Burwell
Sylvia Mathews Burwell, U.S. secretary of health and human services, speaks during the issue briefing "The Future of Healthcare in the United States" at the Annual Meeting 2016 of the World Economic Forum in Davos, Switzerland, Jan. 21, 2016. Pictured: Burwell speaks to the media during a visit to Miami Dade College to discuss the open enrollment period for the Affordable Care Act on Nov. 18, 2015, in Miami, Florida. Joe Raedle/Getty Images

DAVOS, Switzerland — In recent weeks, former Secretary of State Hillary Clinton and Vermont Sen. Bernie Sanders have traded accusations about their healthcare plans — the former’s campaign has defended the private insurance industry that has financially supported Clinton’s political career, while the latter has proposed to create a Medicare-for-all system, with the government as the single payer. But while the two positions seem different, Health and Human Services (HHS) Secretary Sylvia Mathews Burwell told the World Economic Forum Thursday that the political debate is missing a key point: Today's so-called Obamacare system is really a hybrid of the two ideas.

Responding to a question about the intensifying political debate over healthcare, Burwell said President Barack Obama's 2010 Affordable Care Act “created a marketplace that has both government payment as well as market payment.” But, she argued, the United States may be closer to a government-supported system than many realize.

“Many times we don’t recognize everyone in the United States is supported by the government in their healthcare if they have it in any form — in some form, most likely,” she said. “If you’re in Medicare, obviously you’re being subsidized by the government. Let’s just say you’re in employer-based care. Well tax benefits are a huge subsidy that the American taxpayer is giving you for that care. Let’s say you’re in Medicare — Medicaid. Medicaid is being subsidized by the government, and in the marketplace, 8 out of 10 folks in the marketplace have subsidies.” (She clarified that there are a few people in the marketplace whose healthcare isn’t supported by the government because they don’t qualify for subsidies).

As Congress debated healthcare legislation in 2009, some lawmakers pushed to expand traditional Medicare or add a government-administered insurance policy known as a “public option” to the proposal. Those initiatives were ultimately blocked, after furious lobbying by the private health industry. In the lead-up to the final vote on the legislation, then-HHS Secretary Kathleen Sebelius asserted that the Affordable Care Act was tailored to prevent the creation of the kind of single-payer, government-run system that many industrialized nations today have, and that Sebelius herself had endorsed in 2007.

"I think that's very much the case,” she told National Public Radio when asked if the bill was designed to prevent single payer. “If you want anybody to convince people of that, talk to the single-payer proponents who are furious that the single-payer idea is not part of the discussion."

The same cannot be said for today, as Sanders — who is the only 2016 candidate to cast a congressional vote for the Affordable Care Act — is now pledging that if elected president, he will push to create a single-payer system that guarantees government-sponsored healthcare to all Americans.

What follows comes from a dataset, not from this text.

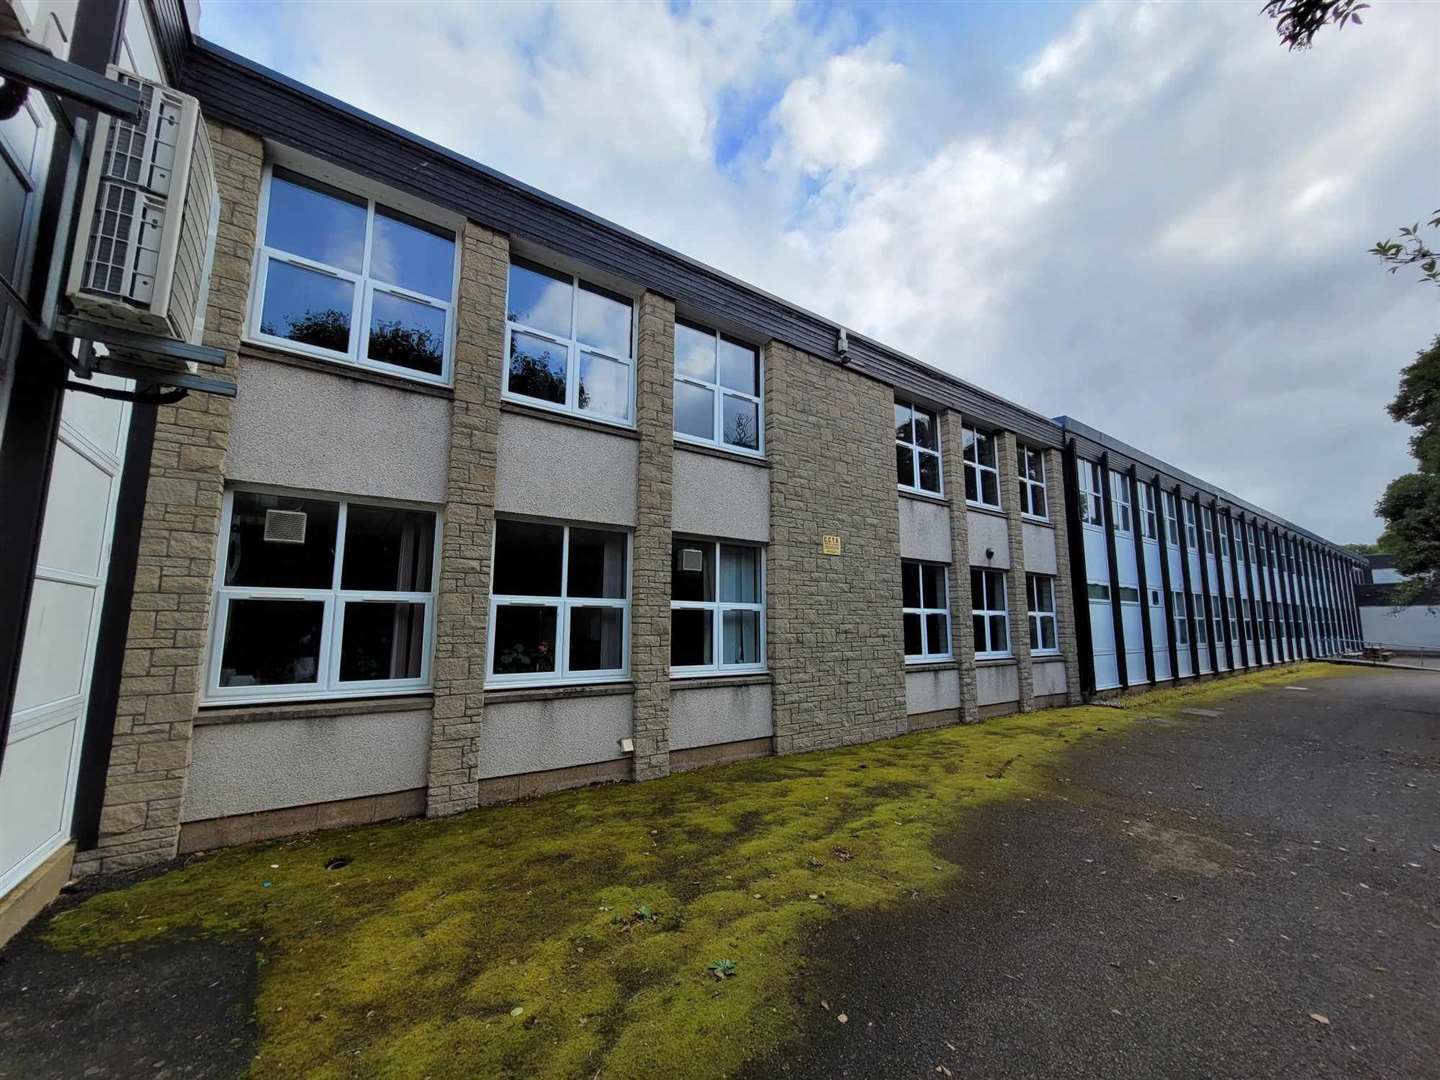 Forres Academy.

Clinton has portrayed single-payer as a costly effort to fully roll back the current Affordable Care Act. However, Burwell this week suggested that in practice, the two do not necessarily have to be mutually exclusive: she said that — despite Sebelius’ earlier comments — there is nothing in the current Affordable Care Act that prevents states from trying to create their own single payer systems, as Vermont initially attempted, and as Colorado voters will likely consider during their 2016 election.

“Can states choose to do things within this system? Sure. But they have to meet pretty high standards,” she told International Business Times. In the meantime, as the campaign debate over healthcare continues to simmer, she said her department is focused on implementing the current legislation as it is.

“Right now we are in a system that has a market and a system that has direct pay by the government, and that’s a system we’re working hard to make work,” she said. “What we want to do is make the system in front of us work, because we’ve seen it reduce the uninsured by 45 percent ... We’ve seen progress on affordability and quality, but not as much as we’d like.”